Era da 24 anni che l'Italia non aveva un membro Cio eletto a titolo individuale, vale a dire indipendentemente dalla carica ricoperta. L'ultimo era stato Pescante che proprio in questa Sessione lascia la parte attiva per raggiunti limiti d'età e diventa membro onorario. Successivamente soltanto nomination sulla base dei ruoli ricoperti nelle federazioni internazionali o in quota atleti. Mai nessuno dei suoi 15 predecessori era nato a Roma (tra i membri italiani del Cio, non a titolo individuale, l'altro nato a Roma è Ottavio Cinquanta). Il primo dirigente italiano a diventare membro Cio era stato il conte napoletano Ferdinando Lucchesi Palli che entrò nel governo olimpico in occasione della fondazione del Cio nel 1894, a Parigi. Con l'uscita di Pescante e l'ingresso di Malagò i membri italiani del Cio restano tre: insieme al presidente del Coni ci sono infatti Franco Carraro e Ivo Ferriani (in qualità di presidente di federazione internazionale e da oggi anche membro dell'Esecutivo del Cio). Con Malagò entrano nel Cio Daina Gudzineviciute (Lituania), Felicite  Rwemarika (Ruanda), Camilo Perez Lopez Moreira (Paraguay), Samira  Asghari (Afghanistan), William Blick (Uganda), il principe Jigyel  Ugyen Wangchuck (Bhutan), Morinari Watanabe (Giappone) e Andrew  Parsons (Brasile).

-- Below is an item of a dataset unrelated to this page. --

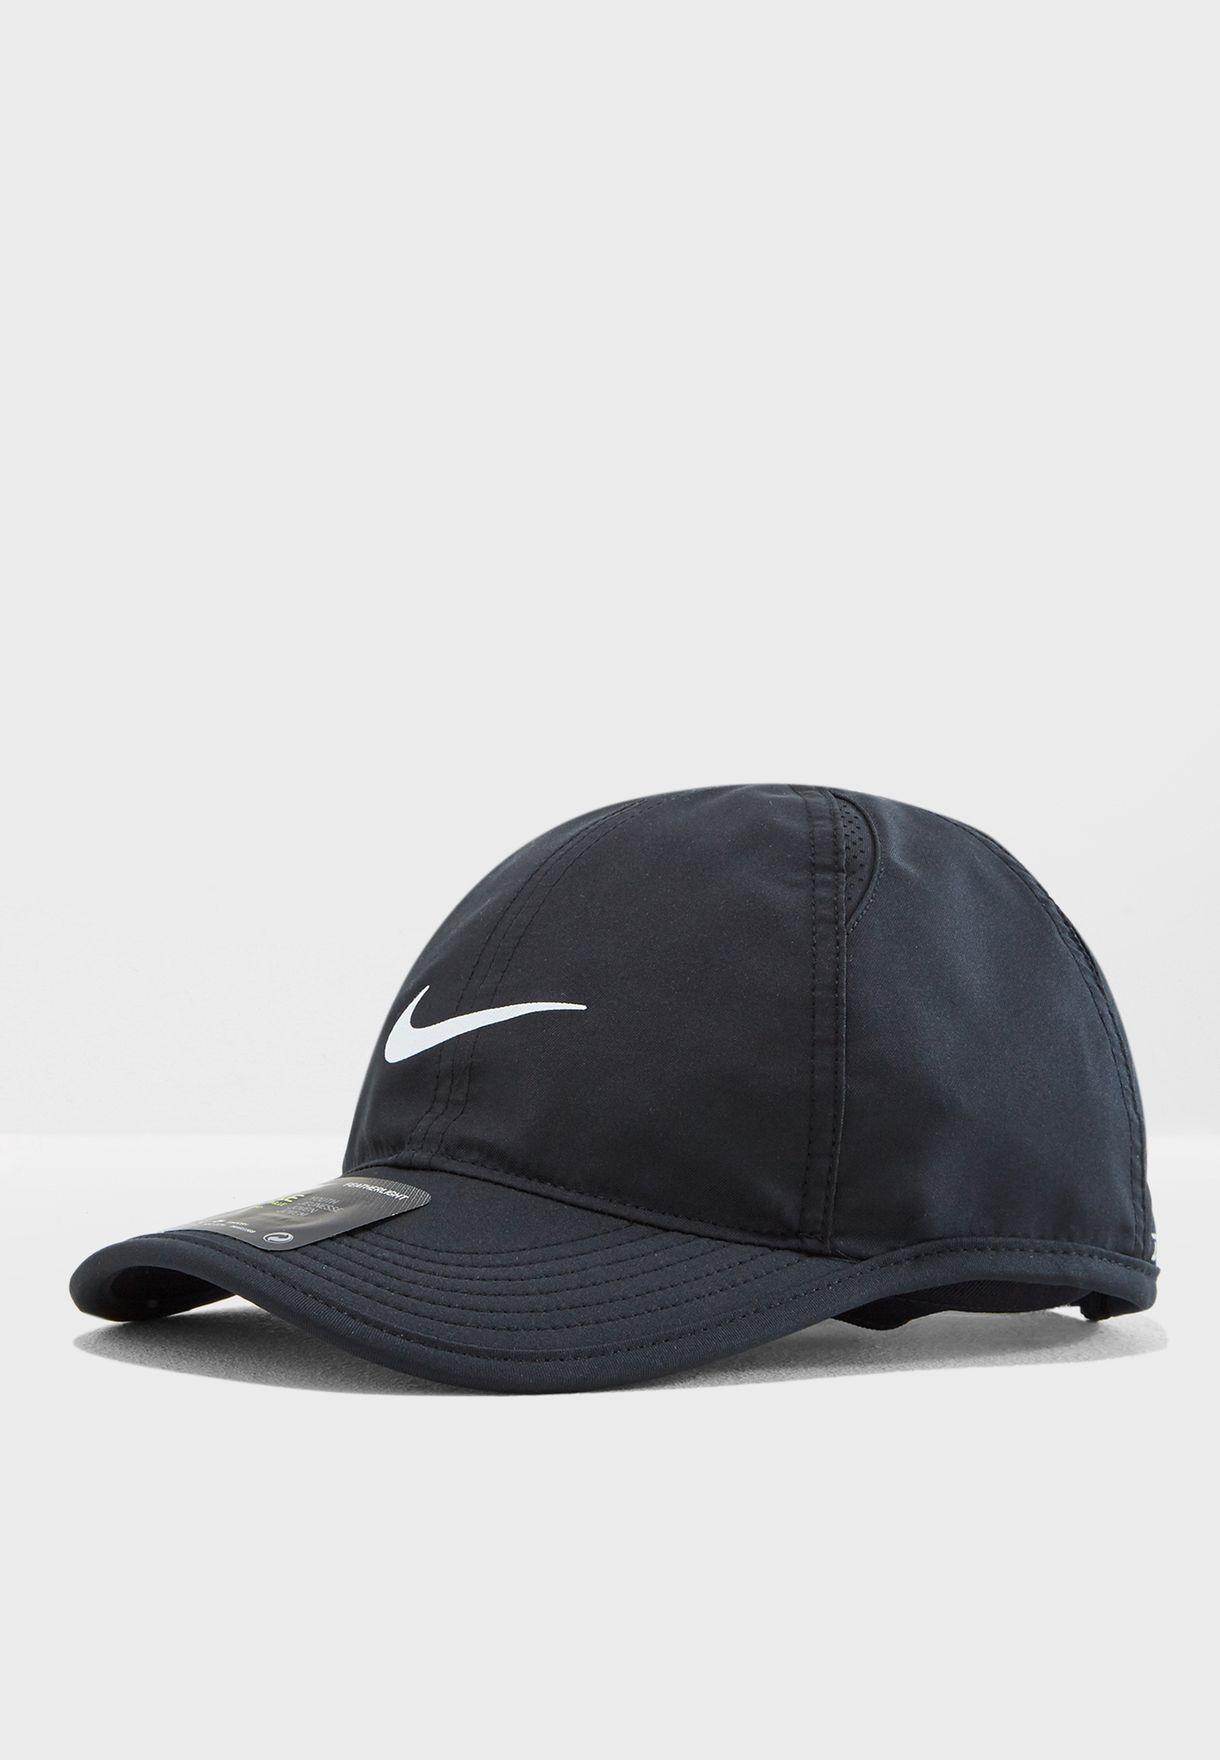 6bd9a75664e72 Shop Nike black Aerobill Featherlight Cap 739376-010 for Kids in UAE ...

Malagò: "Sport italiano più forte"

"Il fatto che Bach abbia voluto proporre il mio nome a livello individuale dimostra due cose: un grandissimo rispetto per l'Italia e penso una grande considerazione nei miei riguardi, soprattutto per quello che ho fatto in difesa dei cinque cerchi olimpici da quando sono presidente. Credo che questo sia molto apprezzato". Sono le prime parole di Giovanni Malagò dopo la sua elezione come membro del Cio. A chi domanda se questa nomina gli dia più forza per difendere l'autonomia dello sport italiano, Malagò risponde: "Io non sono mai stato preoccupato, non ci avevo mai pensato, ma è qualcosa che può rafforzare l'autonomia dello sport".

Una partita da vincere

"Cerco di anteporre sempre le cose per le quali mi adopero e ho passione. Il mio mondo, il Coni, il mio Paese. Poi non so quanti sappiano la differenza tra un membro individuale ed uno in rappresentanza e di un comitato olimpico e di una federazione. Vengo chiamato e sono stato eletto per rappresentare l'Italia in questo mondo ed è un motivo di grande orgoglio, a prescindere da ciò che faccio e farò da grande. Senso di responsabilità importante, è un attestato di prestigio. Emozionato no, ma convinto e determinato. Io ho sempre detto che se la partita la riesci a giocare - magari sbagliavo - per una serie di ragionamenti l'avremmo potuta vincere e questa (Milano-Cortina, ndr) penso la vinceremo".